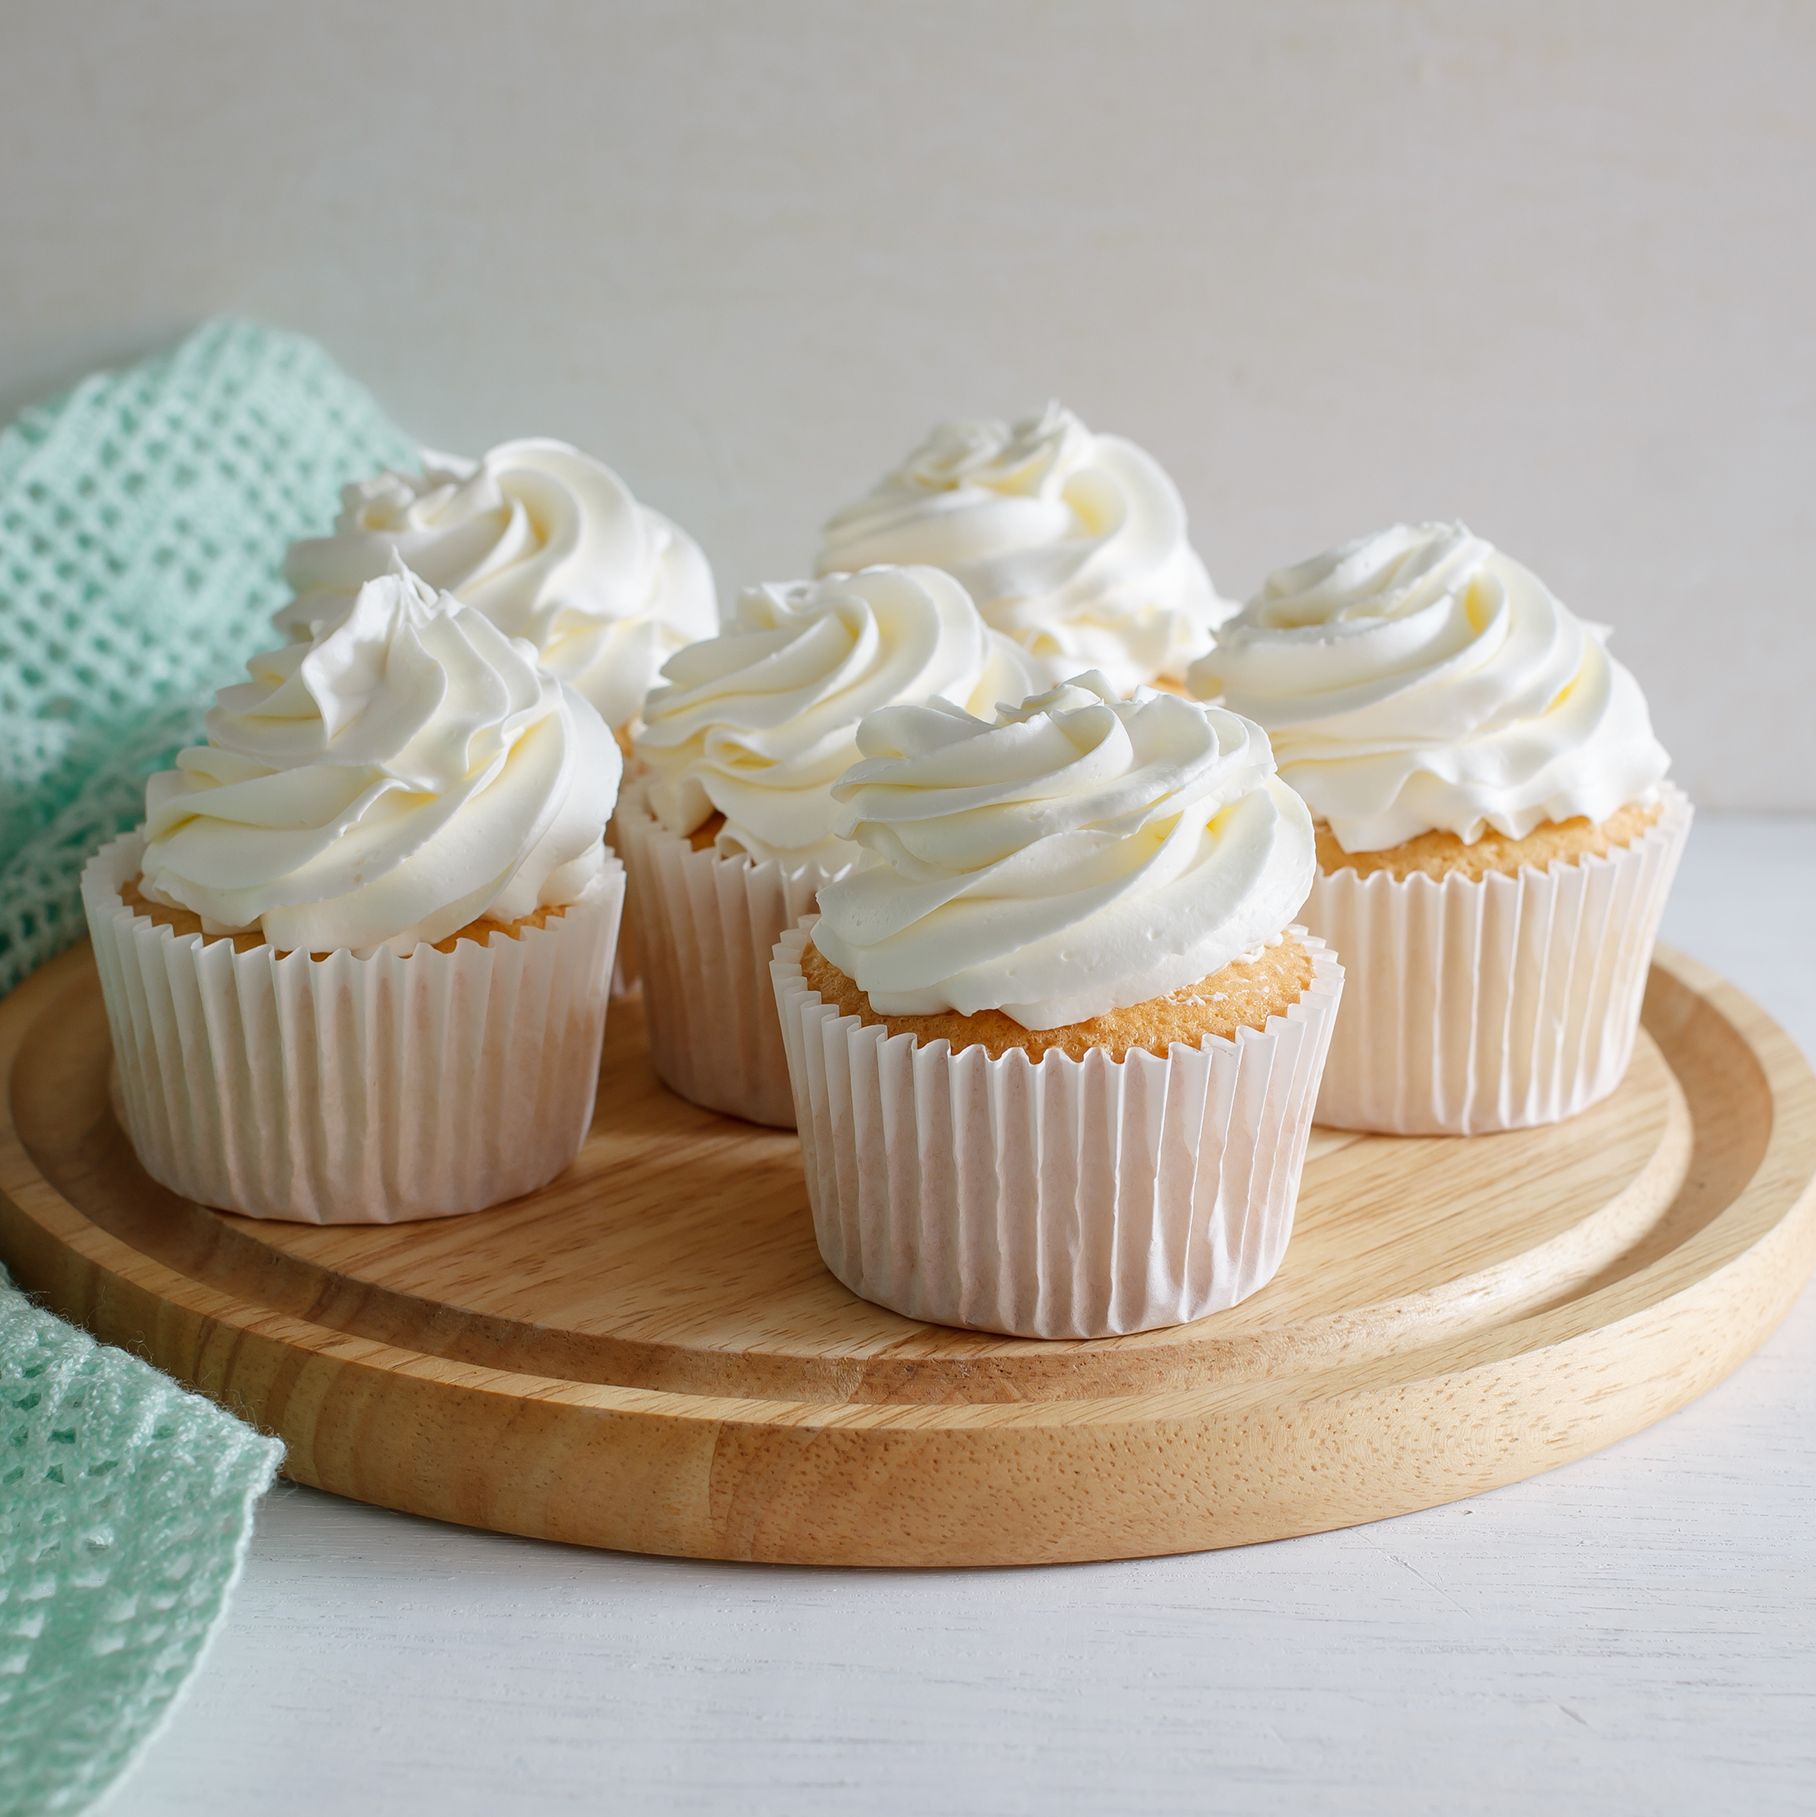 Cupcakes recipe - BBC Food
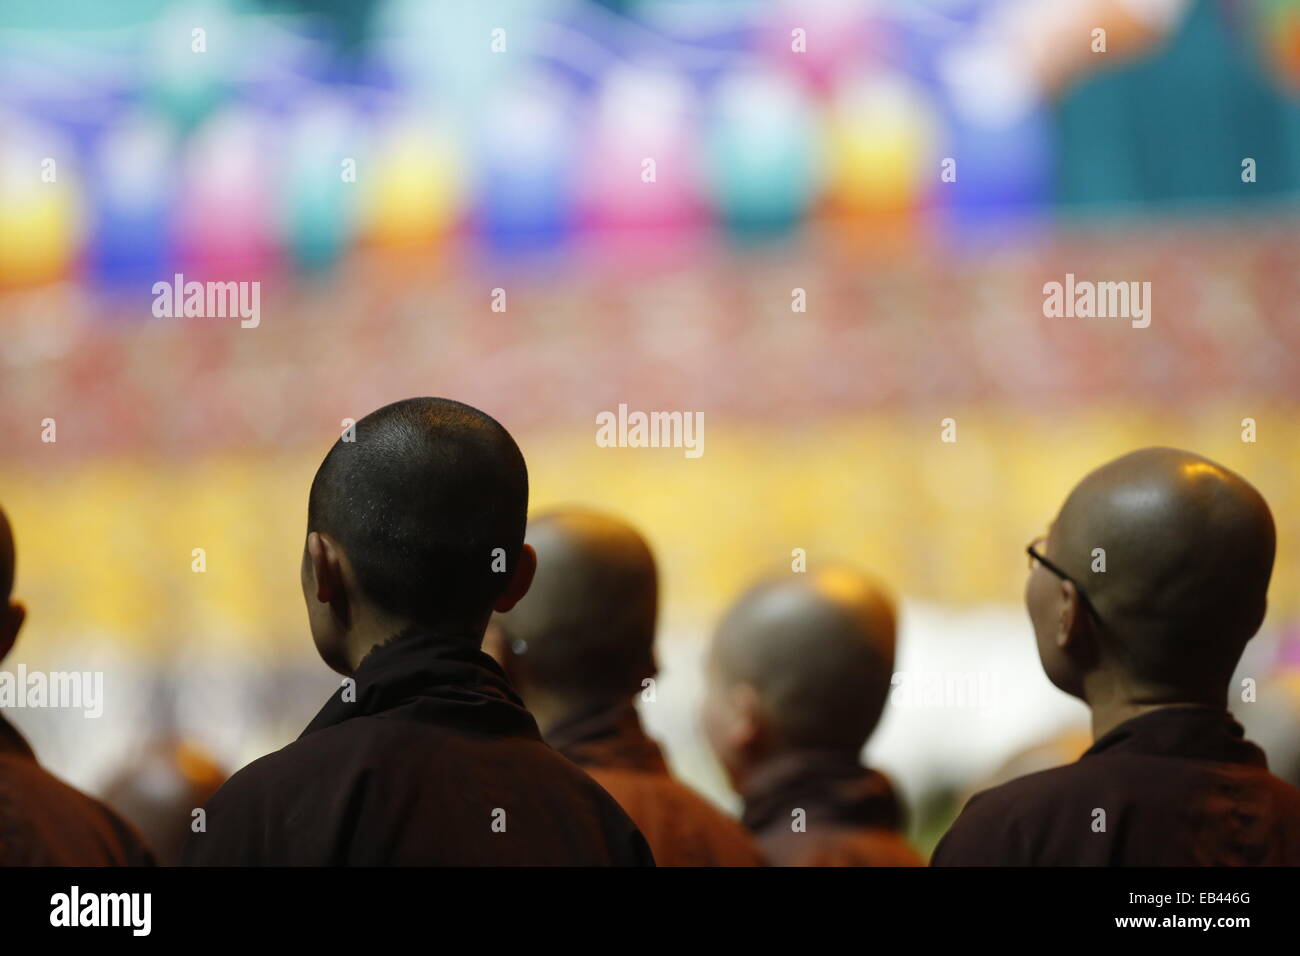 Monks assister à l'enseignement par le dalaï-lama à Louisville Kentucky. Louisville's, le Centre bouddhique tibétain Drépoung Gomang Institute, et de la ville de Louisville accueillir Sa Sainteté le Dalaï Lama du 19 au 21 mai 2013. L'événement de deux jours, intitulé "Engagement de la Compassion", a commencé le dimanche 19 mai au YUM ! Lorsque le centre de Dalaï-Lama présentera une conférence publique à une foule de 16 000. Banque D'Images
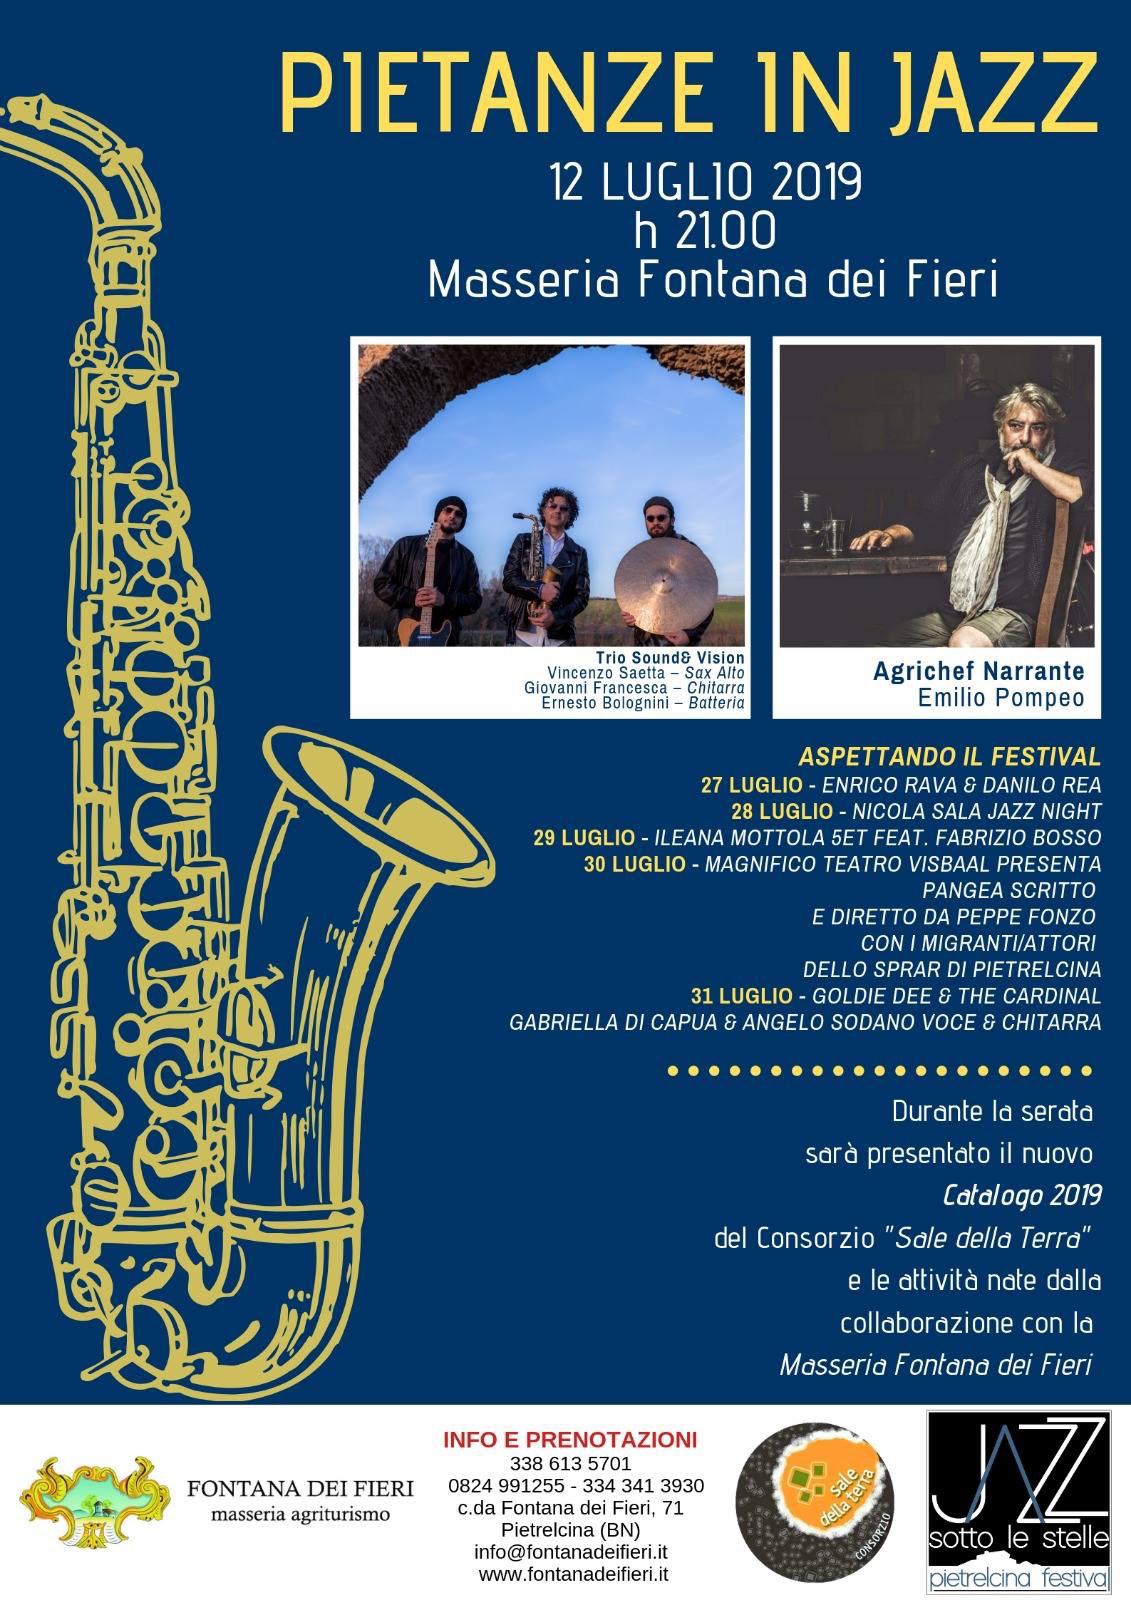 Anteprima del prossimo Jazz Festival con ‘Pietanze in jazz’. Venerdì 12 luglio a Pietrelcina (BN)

> Task to complete
Write out the full listing verbatim, excluding its pictures.

> Exercise output
 Cupcakes recipe - BBC Food
 Monks assister à l'enseignement par le dalaï-lama à Louisville Kentucky. Louisville's, le Centre bouddhique tibétain Drépoung Gomang Institute, et de la ville de Louisville accueillir Sa Sainteté le Dalaï Lama du 19 au 21 mai 2013. L'événement de deux jours, intitulé "Engagement de la Compassion", a commencé le dimanche 19 mai au YUM ! Lorsque le centre de Dalaï-Lama présentera une conférence publique à une foule de 16 000. Banque D'Images
 Anteprima del prossimo Jazz Festival con ‘Pietanze in jazz’. Venerdì 12 luglio a Pietrelcina (BN)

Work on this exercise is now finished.